While in jail in Birmingham, King chose to respond to a series of complaints against him made by his fellow Christian Ministers by writing the famous "Letter from a Birmingham Jail."  This document is not as well known as some of his speeches and therefore it seems ideal to include in our course.

We will talk about this text in relation to our final segment on the 60s when we will also be reading excerpts from Amiri Baraka's Blues People and the chapter, "Defining the Blues" from Steven Tracy's book Langston Hughes and the Blues.  Subsequent additions to the syllabus, including this one, will be signaled by a series of astericks within the text of the syllabus as posted on the blog.

9/2/08

Burial Grounds in New York City

The African Burial Grounds provided a cemetary for slaves and free blacks for an unknown period but first established under the Dutch and ending with British occupation of New York shortly after the American Revolution in 1776.

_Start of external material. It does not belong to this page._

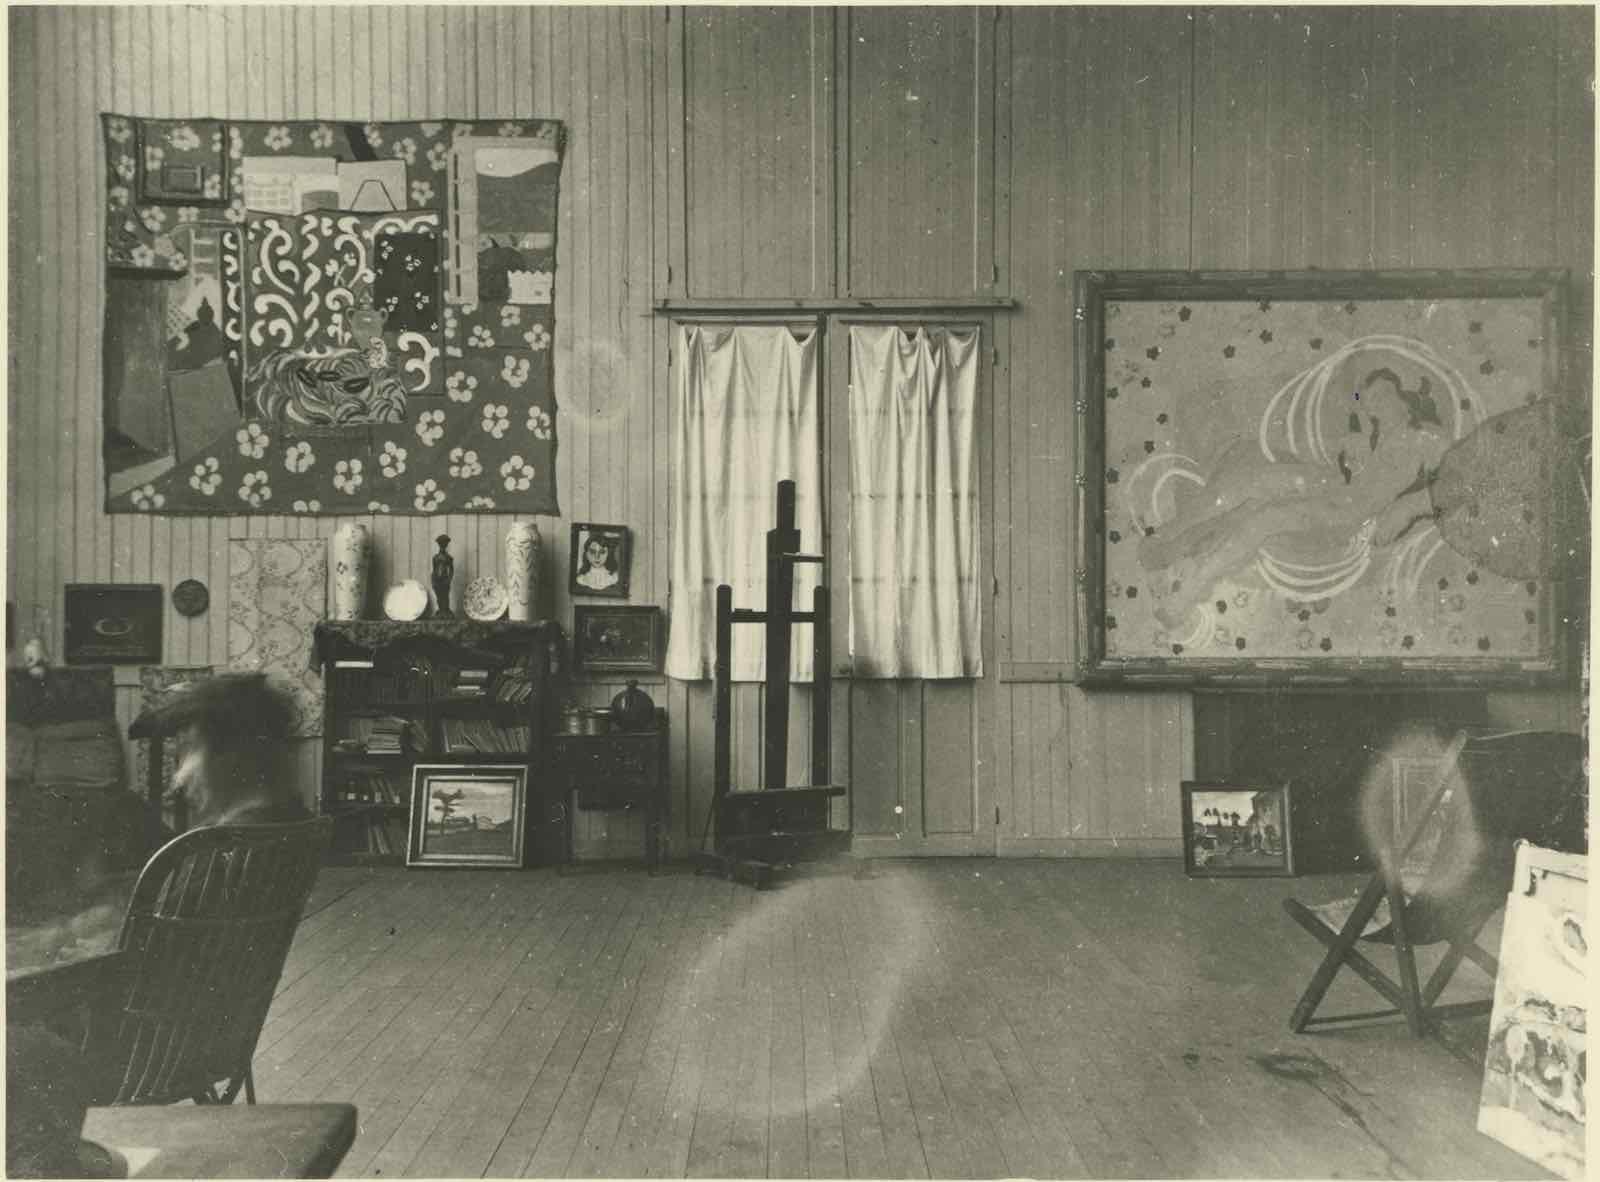 Photograph of the interior of Matisse’s studio in Issy-les-Moulineaux. October/November 1911.

The Burial Grounds were rediscovered during excavation in preparation for building another high rise, which caused an immediate halt in favor of archeological research on the remains conducted at Howard University.  The links here provide extensive history of the burial ground as well as its recent development since its rediscovery in the 1990s.  Although much of lower Manhattan was built over the burial grounds (including City Hall), there has been a memorial to the slaves erected with works by a number of artists, including the black woman sculptor Barbara Chase Riboud.  Her work is a tribute to the entire African Diaspora and provides a fascinating commentary on the blues consciousness of 20th century African Americans.

This is a site that can be easily visited if you live in New York. Also, the work on the African burial grounds provides a link to the extensive work online from the exhibition of slavery in New York put together by the New York Historical Society, accompanied by a collection of essays on the topic edited by Leslie Harris, included here on my Slavery wish list at Amazon.com.